The first portion 51 is sandwiched and sealed between the anode substrate 2 and the side plate 40, and the second portion 52 is stored in a state of being bent between the anode substrate 2 and the front plate 20 in the envelope. Is done. The corners 53 of the first portion 51 and the second portion 52 reliably contact the board-side terminals 5 by the spring property of the second portion 52,
In addition, it is securely fixed and connected by a fused terminal paste in which frit glass is mixed with a conductive paste or an intermediate paste which is a conductive paste. Due to the resiliency of the second portion 52, the front end 54 of the second portion 52 is
2 to obtain a reliable electrical connection. In addition to bringing the tip 54 into contact with the terminal 22, more secure electrical connection may be obtained by bonding with the conductive fusion terminal paste or conductive intermediate paste.

The anode substrate 2 and the front plate 20 are sealed by a sealing material 8 with the side plate 40 interposed therebetween, to form a box-shaped envelope. The external terminal 50 is connected to the anode substrate 2 of the envelope.
Side airtightly penetrates the sealing portion and is led out of the envelope.

Next, the manufacturing process of the double-sided fluorescent display tube 1 will be described. (1) Manufacturing Process of Anode Substrate 2 (see FIG. 1) On the anode substrate 2 made of glass, the wiring pattern 4 and the substrate-side terminals 5 are formed of an Al thin film by a photolithographic technique. A black insulating layer 7 having a through hole 6 is formed on the wiring pattern 4 by a printing method. This insulating layer 7 serves as a black background for improving the contrast of light-emitting display. Further, the sealing material 8 is printed around the substrate 3 together with the formation of the insulating layer 7. These are baked and fixed to the base.

An anode conductor 9 having a predetermined pattern made of graphite is formed on the through hole 6 of the insulating layer 7 by a printing method, and is connected to the wiring pattern 4 via the through hole 6. The anode conductor 9 is also baked and fixed to the base.

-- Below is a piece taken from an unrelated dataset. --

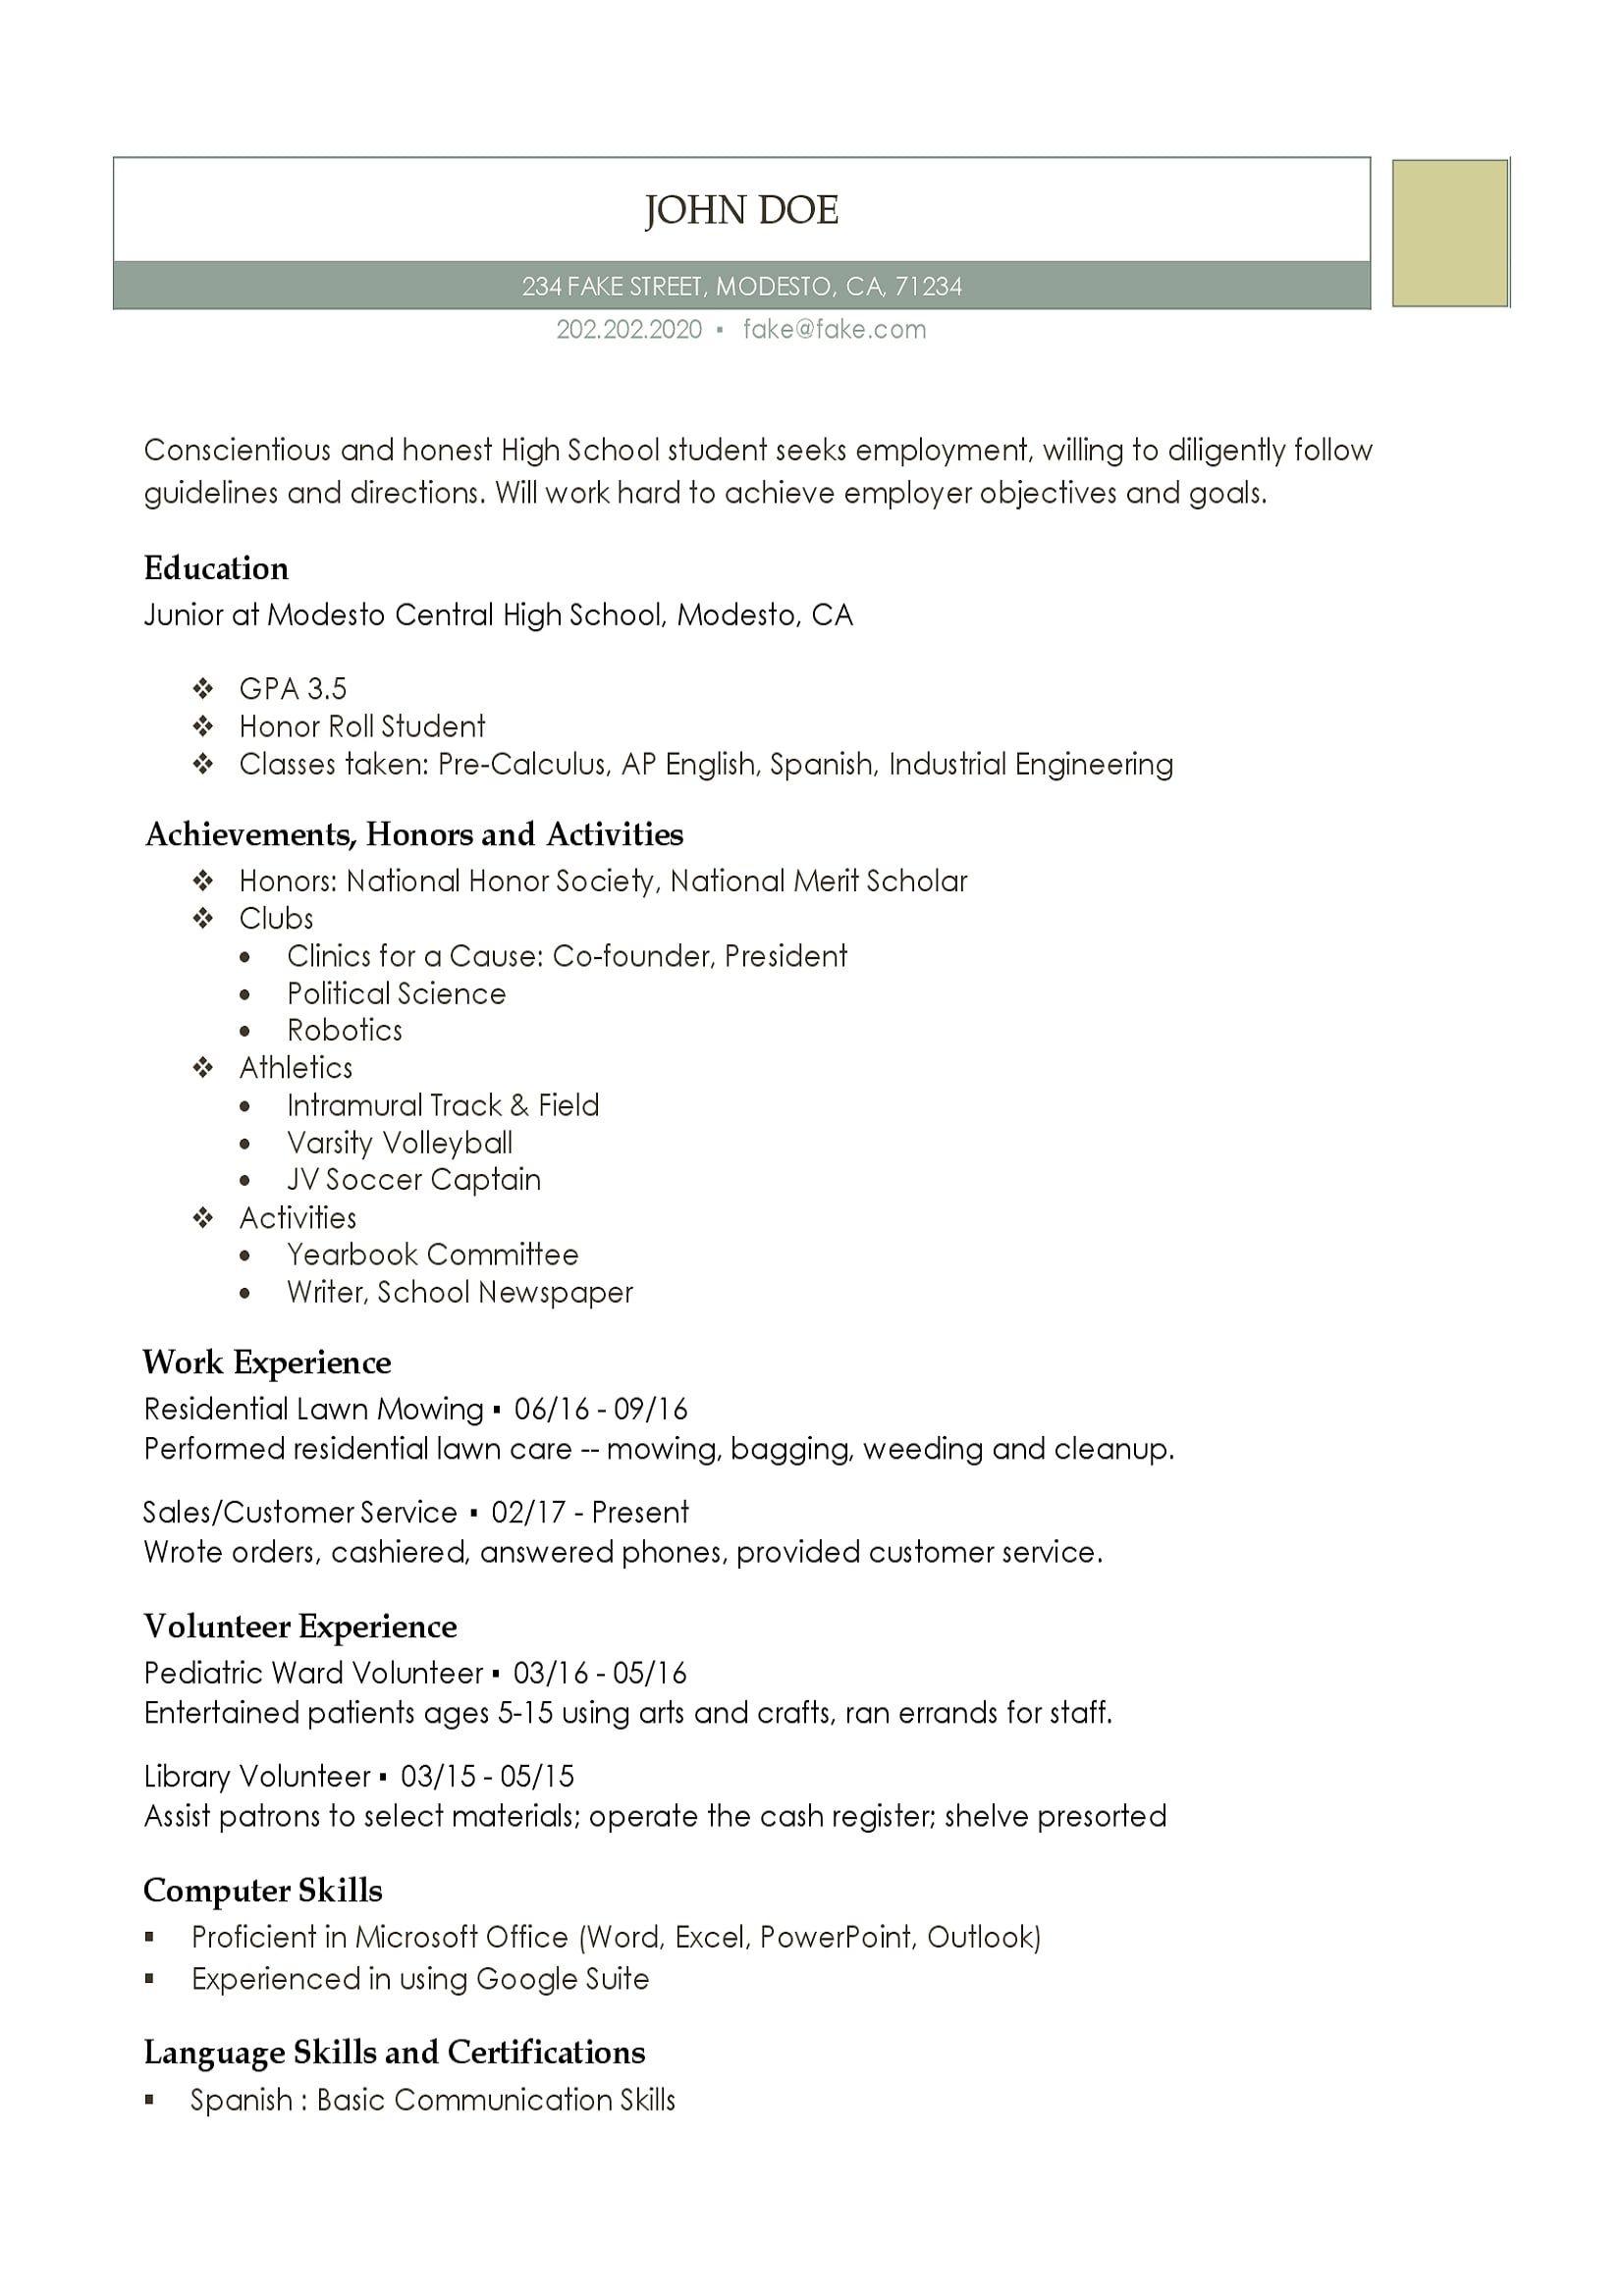 003 Stunning Resume Template For Teen Design  Teenager First Job AustraliaFull

A phosphor layer 10 is formed on the anode conductor 9 by a printing method.
Is configured. A mesh grid 12 is disposed above the anode 11 at a predetermined interval. This mesh grid 12
It is connected to a grid wiring provided on the substrate 3 by a conductive adhesive. When the conductive adhesive is formed by a printing method, the conductive adhesive is also printed on the terminals 5.

(2) Manufacturing process of front plate 20 (see FIG. 1) A wiring pattern 21, a front plate side terminal 22, and a light transmitting plate are provided on the inner surface of front plate 20 made of glass or the like having a light transmitting property. The anode conductor 23 is formed. These are formed of an Al thin film by a photolithographic technique. The wiring pattern 21 has a width of about 30 μm, and the anode conductor 23 has a mesh shape so as to have translucency.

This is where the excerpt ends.